Aim: To determine the proportion of patients admitted to a major tertiary teaching hospital in Australia aged 50 years and older with a confirmed neck of femur or vertebral minimal trauma fracture, who are commenced on specific antiosteoporosis therapy by discharge, and to describe the agents prescribed. Methods: A retrospective analysis was conducted using patients’ electronic medical files of patients admitted with a minimal trauma fracture of the hip or vertebra during a 6 month period. Results: A total of 407 patients were audited and 64 patients were included in the study; 37 were admitted for a fractured hip and 27 were admitted for a vertebral fracture. Of these 64 patients, a total of 14 (21.9%) patients were commenced on specific anti-osteoporosis therapy. Denosumab (71%) was the most commonly initiated treatment, followed by risedronate (21%) then alendronate (7%). Conclusion: Majority of patients presenting to hospital with a minimal trauma fracture were not commenced on anti-osteoporosis therapy in hospital. This is a missed opportunity for intervention that may place patients at a higher risk of subsequent fracture; therefore effective strategies should be implemented to address this treatment gap in the future.
骨质疏松治疗开始后,最小创伤骨折
目的:确定澳大利亚一家大型三级教学医院收治的50岁及以上确诊股骨颈或椎体轻度创伤性骨折的患者出院时开始接受特定抗骨质疏松治疗的比例,并描述所开药物。
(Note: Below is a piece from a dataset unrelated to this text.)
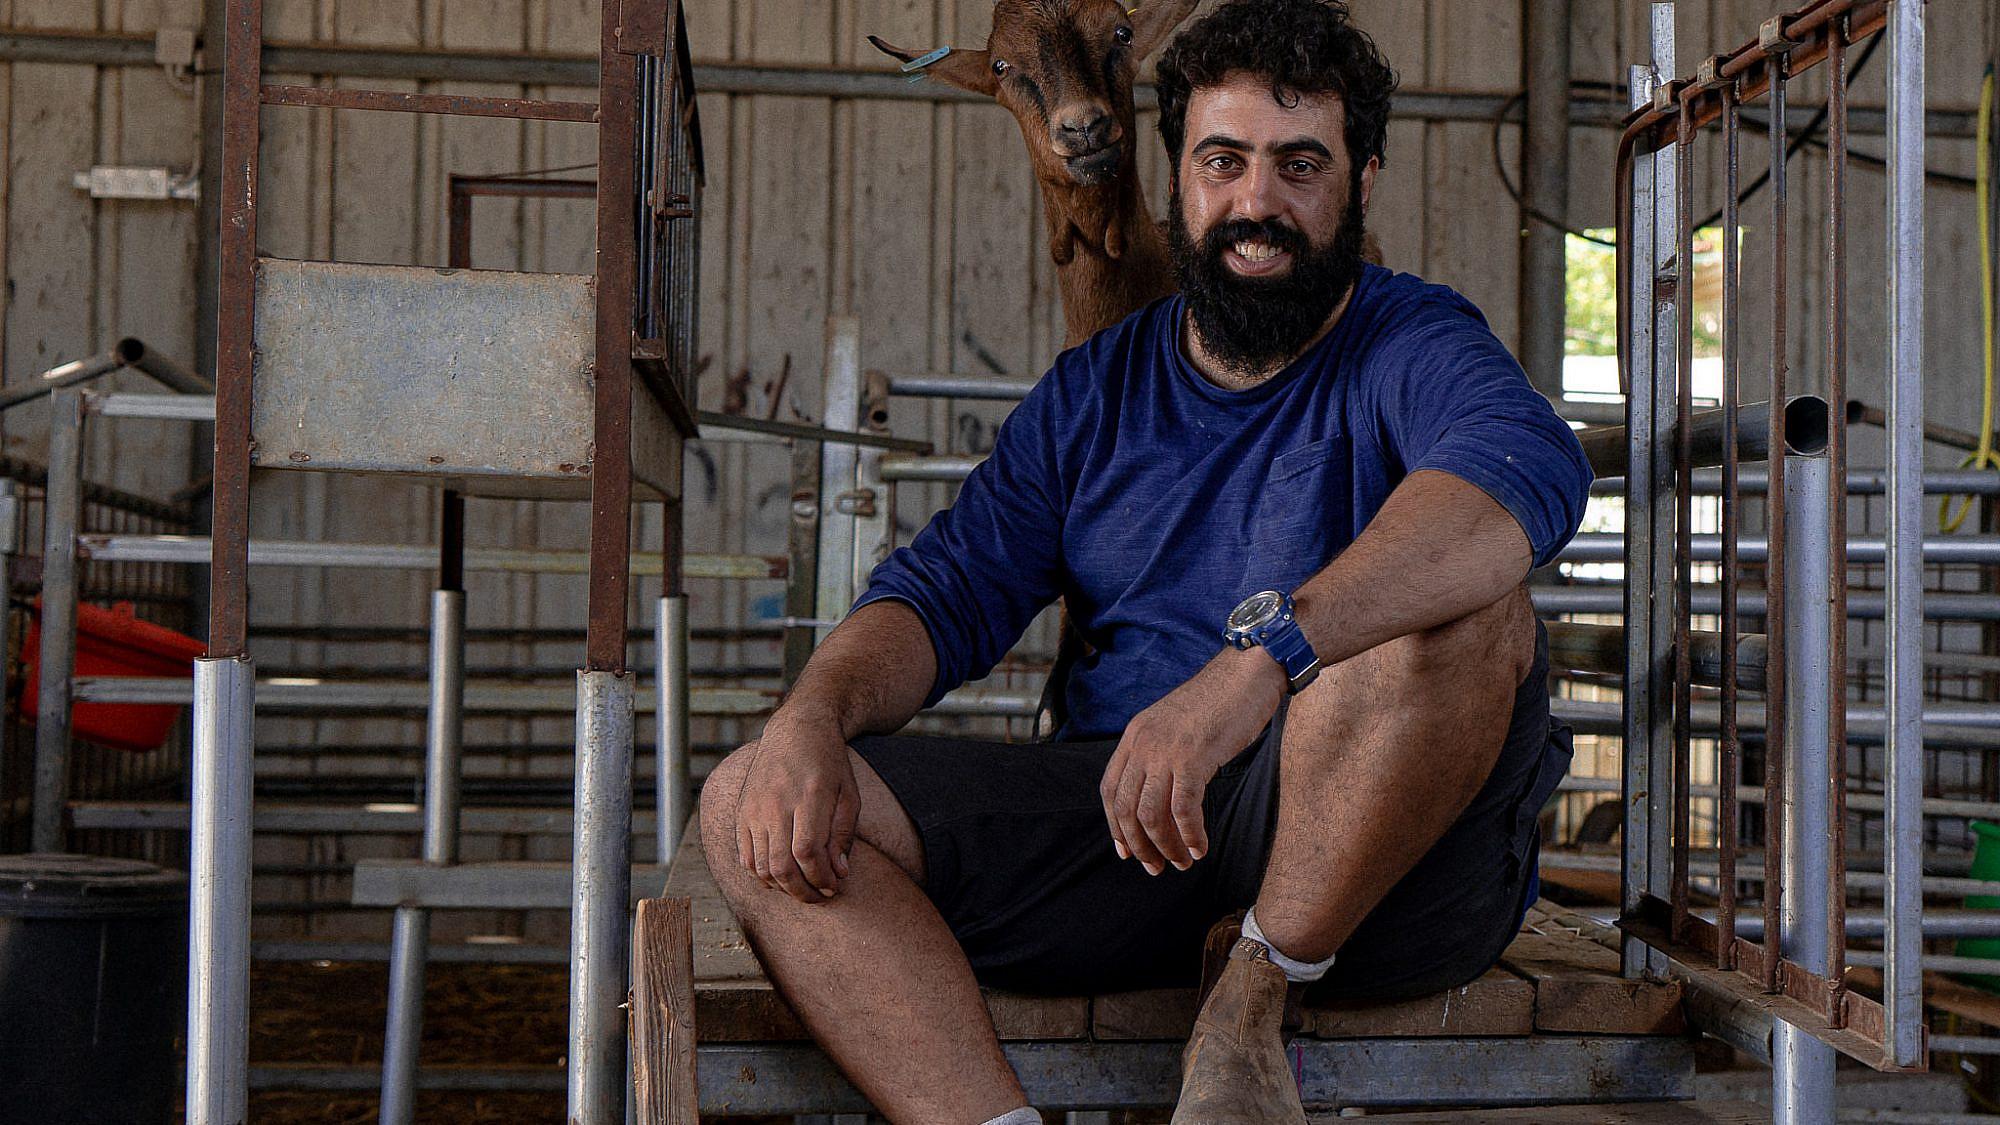 רון דוד, מושב אחיטוב | צילום: מידן גיל ארוש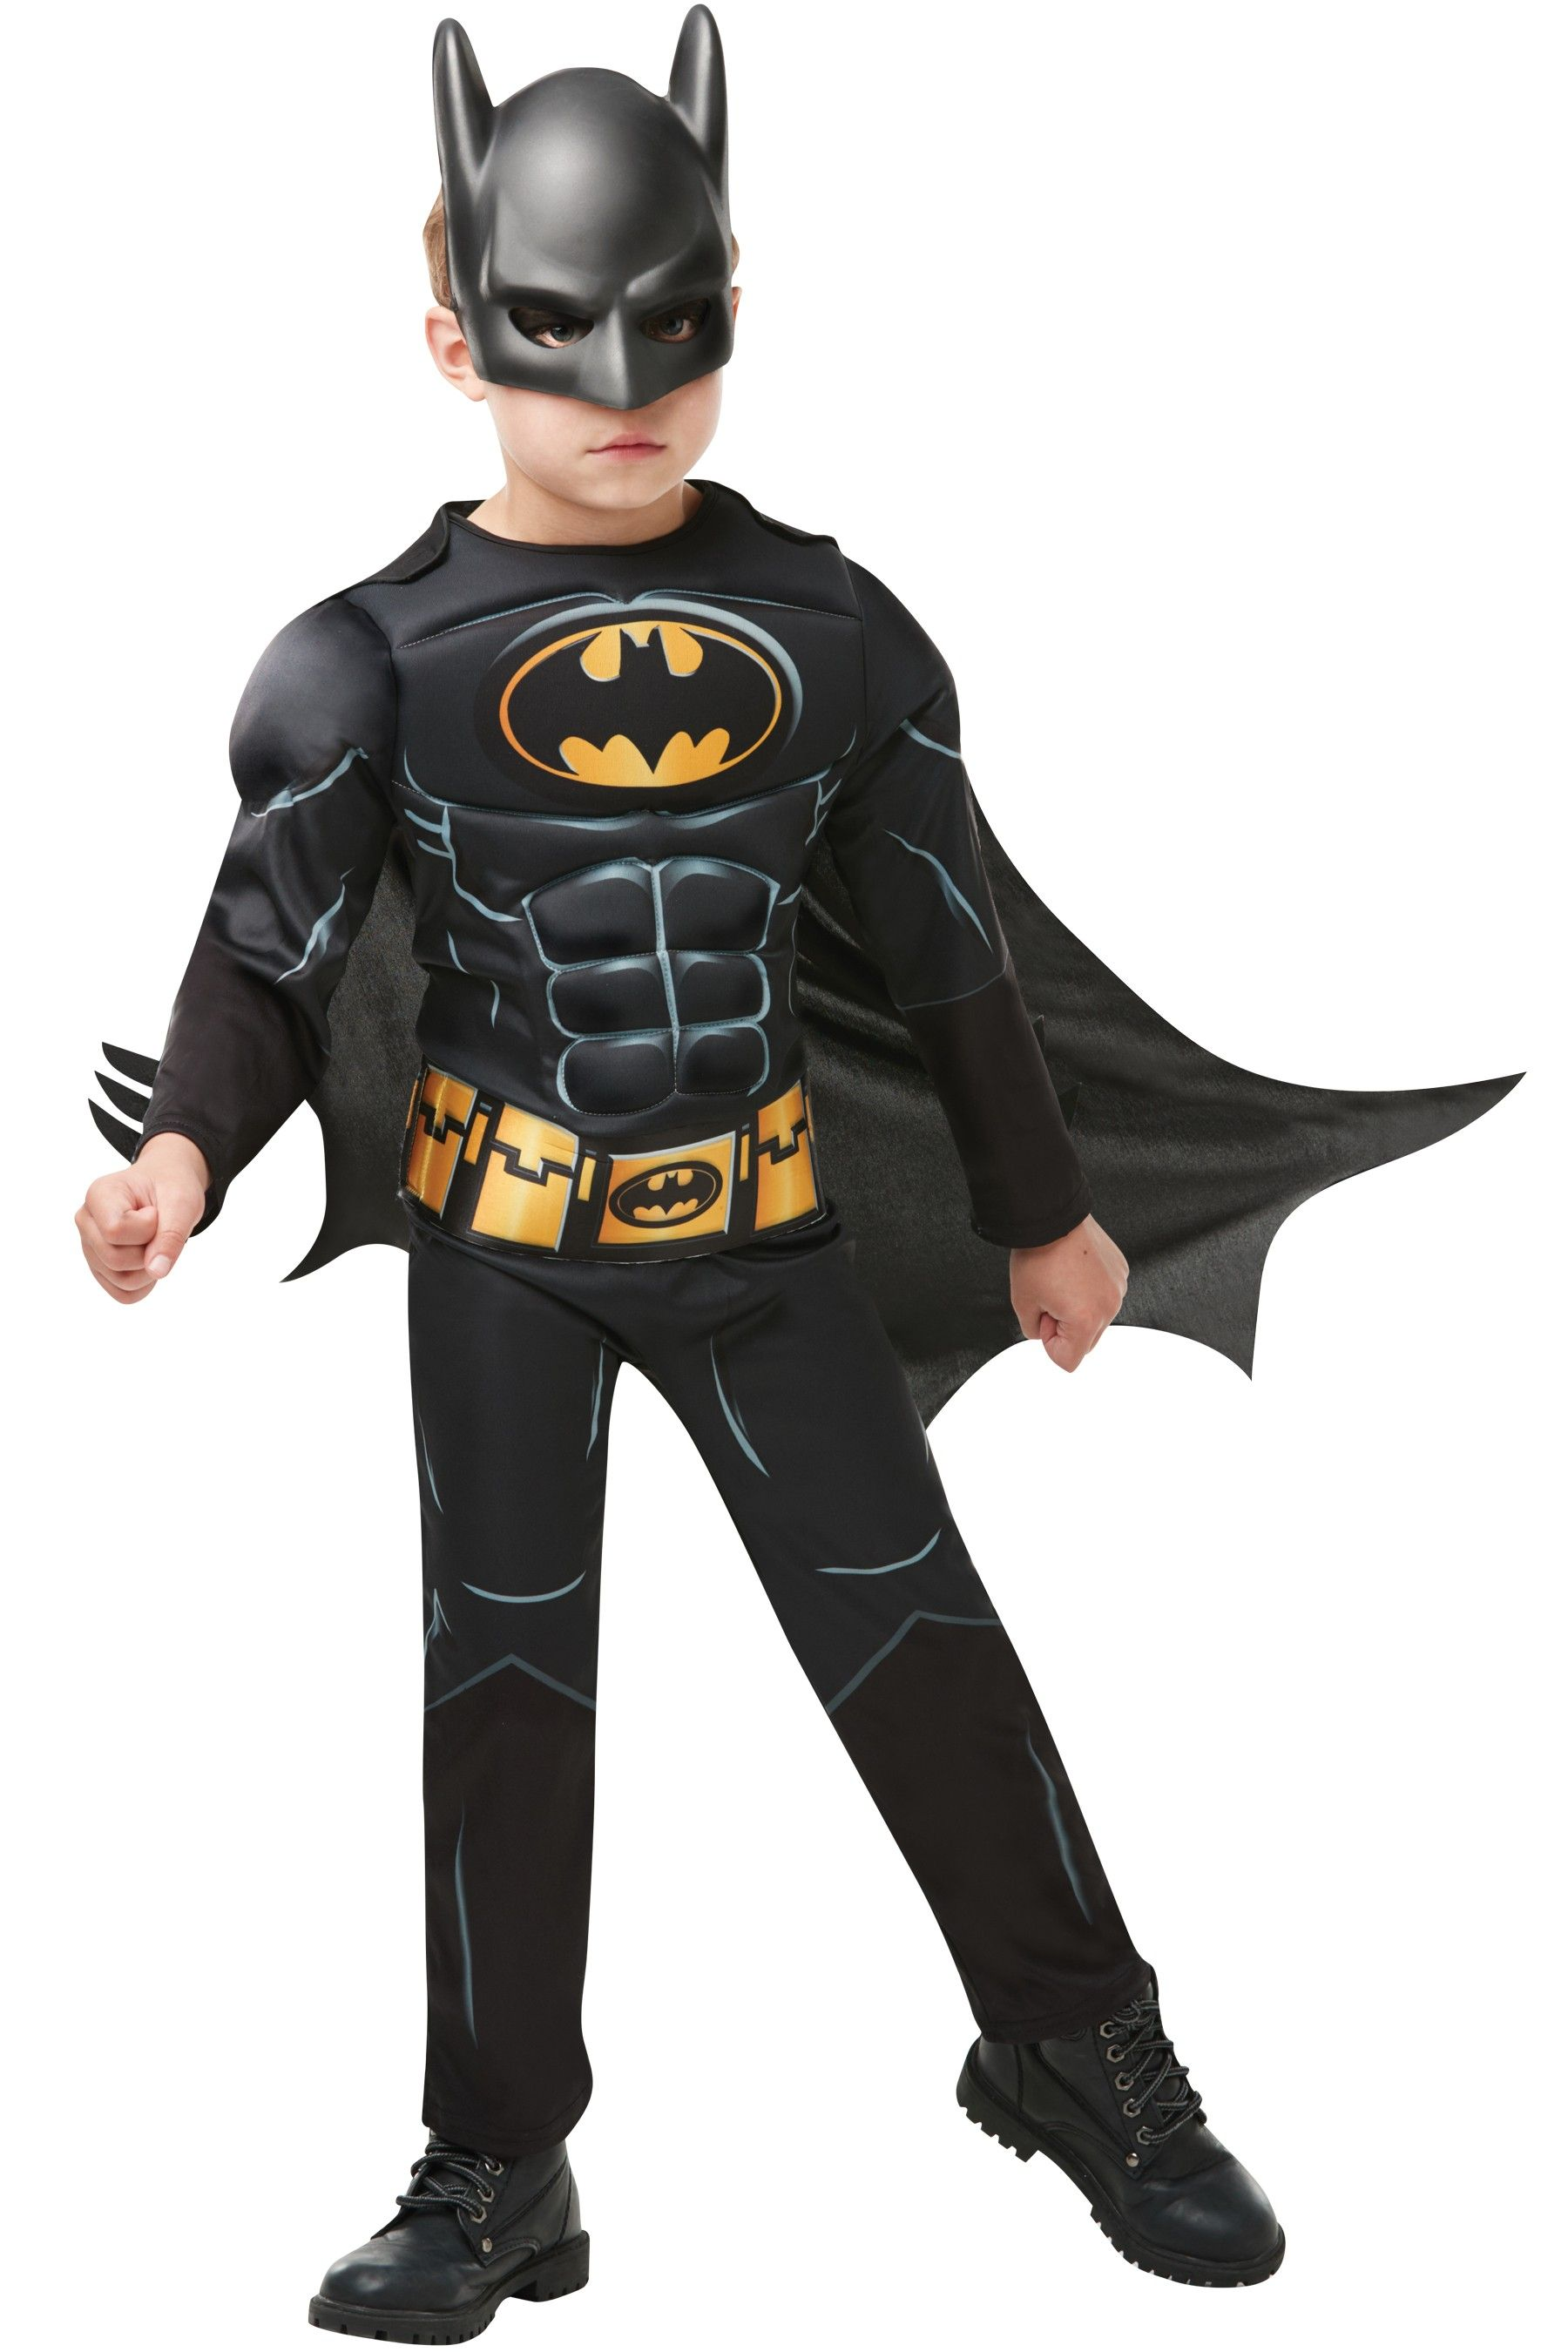 Batman Enfant Taille Unique Rubies Costume Co Masque Bane

方法:回顾性分析6个月内髋部或椎体轻度创伤性骨折患者的电子病历。结果:共审核407例患者,64例患者纳入研究;37人因髋部骨折入院,27人因椎体骨折入院。在这64例患者中,共有14例(21.9%)患者开始接受特异性抗骨质疏松治疗。Denosumab(71%)是最常见的初始治疗,其次是利塞膦酸钠(21%),然后是阿仑膦酸钠(7%)。结论:大多数轻度创伤性骨折患者未在医院开始抗骨质疏松治疗。这是一个错失的干预机会,可能会使患者面临更高的骨折风险;因此,未来应该实施有效的策略来解决这一治疗差距。
本文章由计算机程序翻译,如有差异,请以英文原文为准。